Idempotent Data Loading (SQL Upsert)
This recipe demonstrates how to prevent duplicate records when running (or re-running) an ETL job by using the "Upsert" (Update or Insert) pattern.
The Problem
Standard ETLs use INSERT. If a job fails halfway and you restart it, you will likely get duplicate records in your database, leading to data corruption and incorrect analytics.
The Solution: Smart Upserts
With Data-Genie's setUpsert() feature, the writer checks if a record already exists based on a "conflict key" (like an ID or Email).
- If the record does not exist: It is inserted.
- If the record exists: It is updated with the latest values.
The Code
typescript
import { CSVReader, SQLWriter, Job } from '@pujansrt/data-genie';
// 1. Setup your DB client (e.g., pg, mysql2, etc.)
const db = {
query: async (sql, params) => { /* your db driver logic */ }
};
const reader = new CSVReader('users.csv');
// 2. Configure the SQLWriter for Upserts
const writer = new SQLWriter(db, 'users')

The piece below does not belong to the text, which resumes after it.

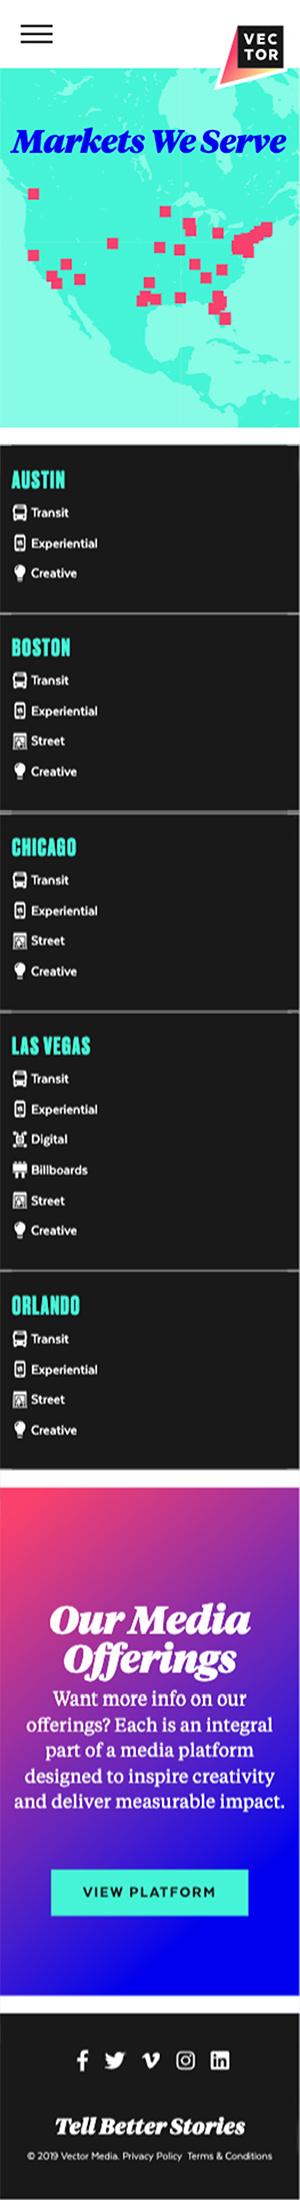 Ignyte-branding-agency-web-design-vector-media-mobile-markets-page-V3 copy

.setDialect('postgres') // Supports 'postgres', 'mysql', 'sqlite', 'oracle'
.setUpsert('email') // Use 'email' as the unique conflict key
.setBatchSize(100); // Performance: Bulk upsert in batches of 100
(async () => {
// This job is now "Idempotent" - you can run it 100 times
// and you will never get duplicate emails.
await Job.run(reader, writer);
console.log('Sync complete!');
})();How it works under the hood
Data-Genie generates dialect-specific SQL to ensure performance:
- PostgreSQL / SQLite: Uses
INSERT ... ON CONFLICT ("email") DO UPDATE SET ... - MySQL: Uses
INSERT ... ON DUPLICATE KEY UPDATE ... - Oracle: Uses the native
MERGE INTO ...statement to handle atomic upserts.
Why use this?
- Restart-Safe: If your server crashes, just start the job again.
- Data Integrity: Ensures your unique constraints are respected without throwing errors.
- Performance: High-speed bulk upserts using native database features rather than slow "select-then-insert" logic.